- _Dataset excerpt_:

____

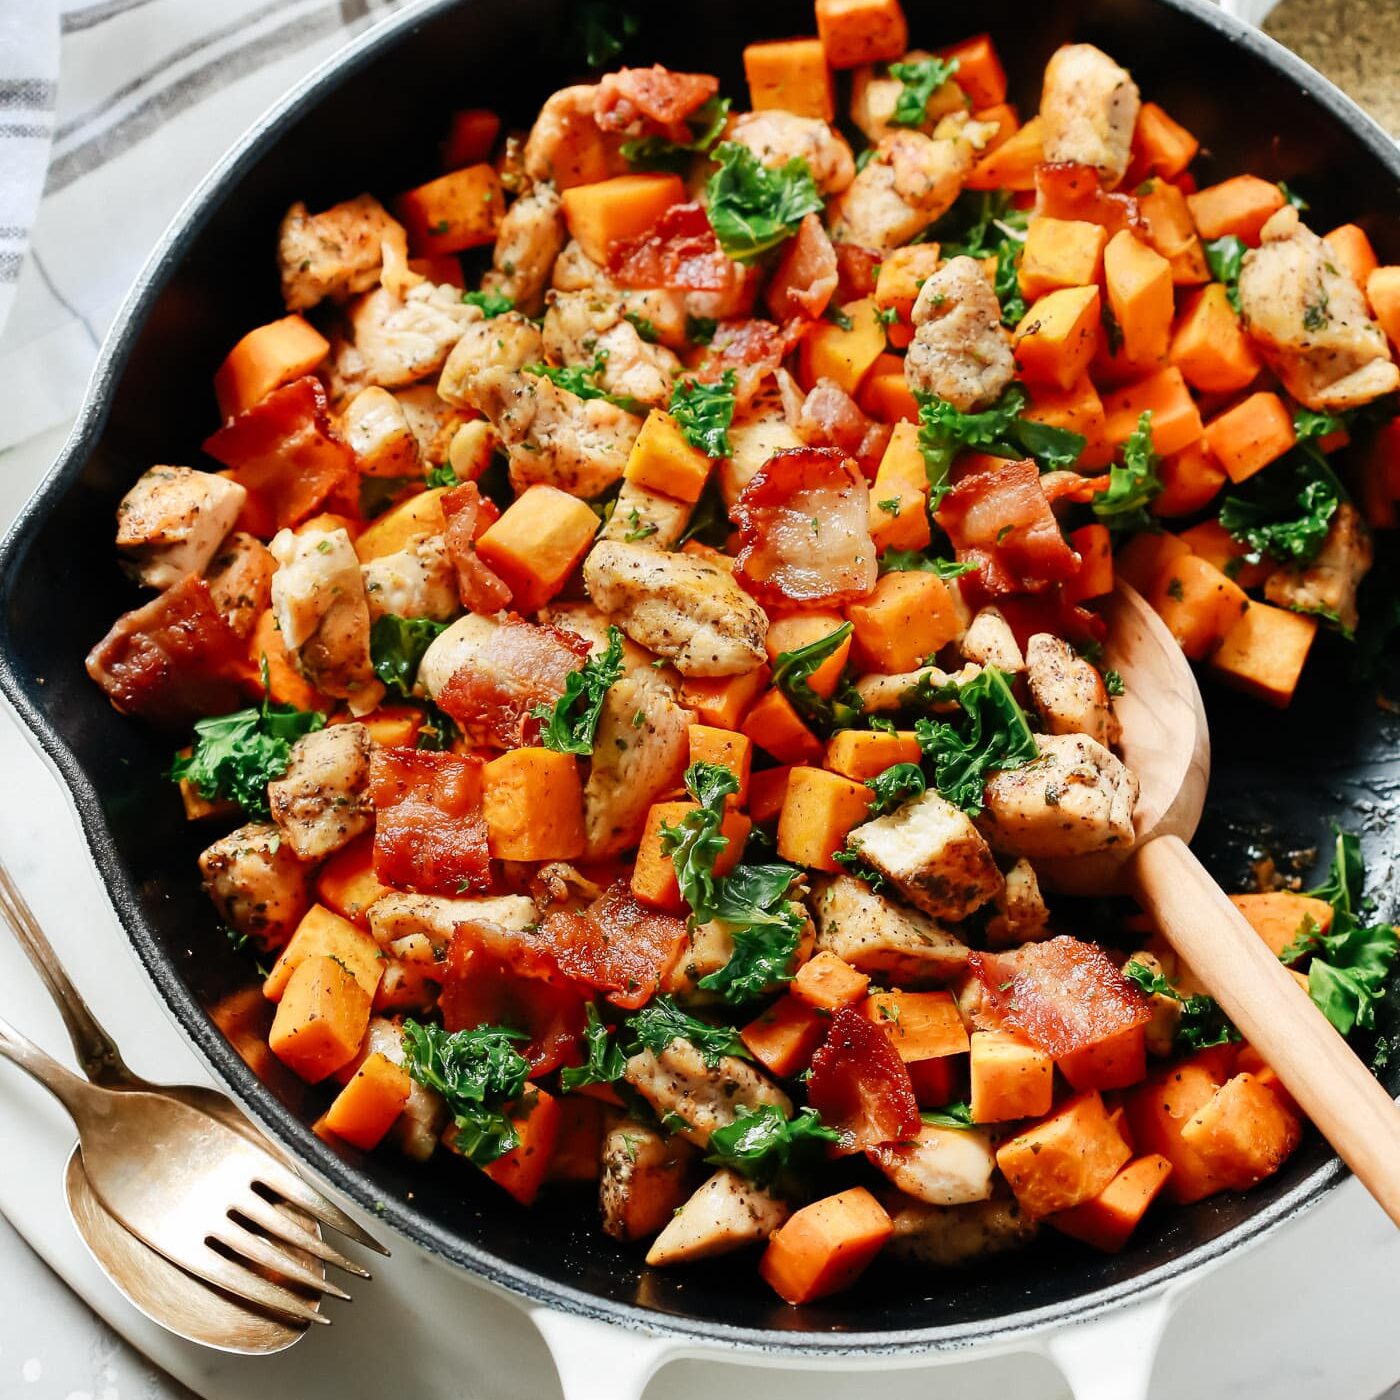 Overhead view of a white skillet containing kale, chicken and sweet potato. One of my favorite date night dinner ideas.
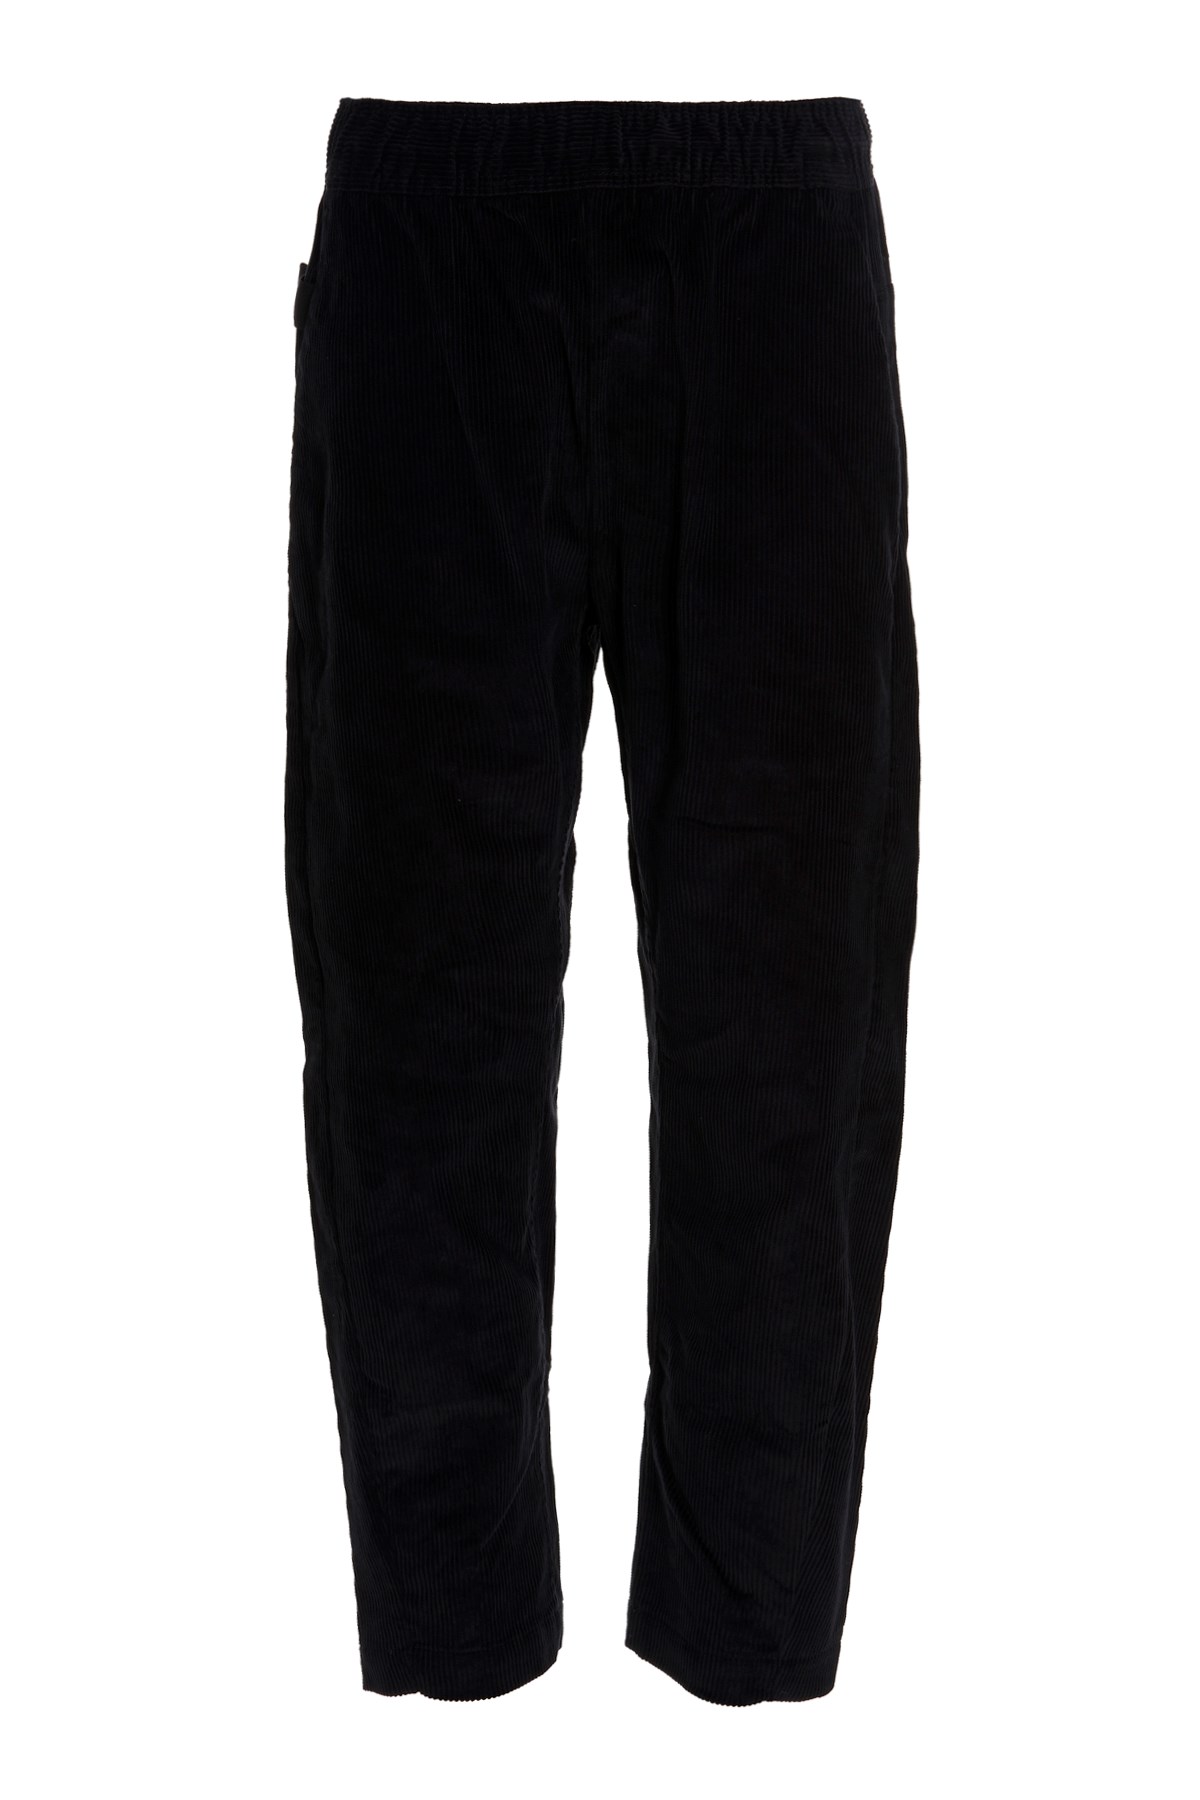 NIKE 'Nsw Lifestyle Crop’ Trousers
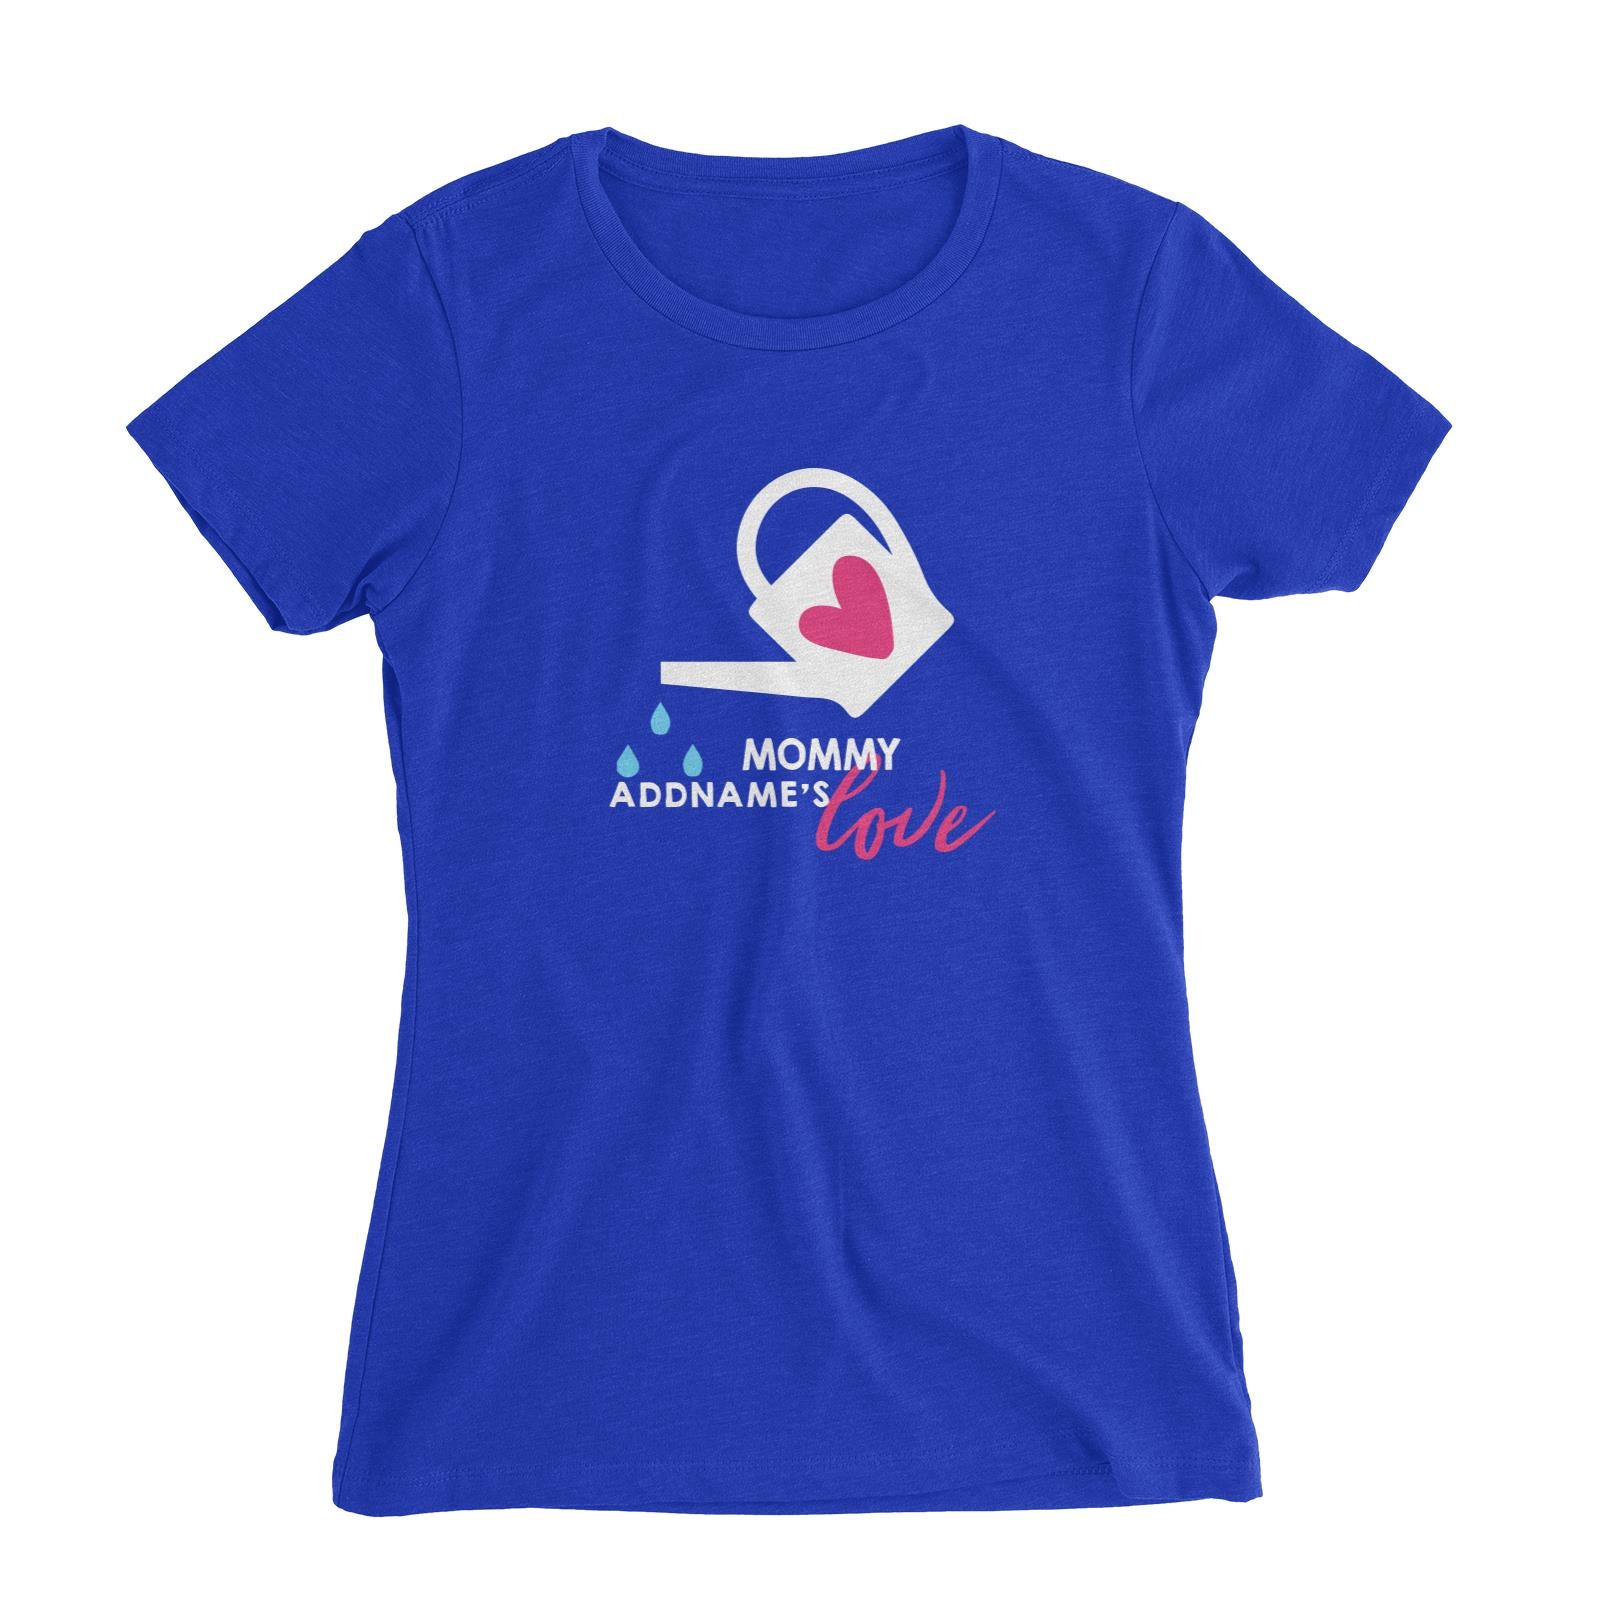 Nurturing Mommy's Love Addname Women's Slim Fit T-Shirt  Matching Family Personalizable Designs

____

- _Prompt_:
Your copy should hold all the data word for word. It should hold no pictures.

- _Task result_:
 Overhead view of a white skillet containing kale, chicken and sweet potato. One of my favorite date night dinner ideas.
 NIKE 'Nsw Lifestyle Crop’ Trousers
 Nurturing Mommy's Love Addname Women's Slim Fit T-Shirt  Matching Family Personalizable Designs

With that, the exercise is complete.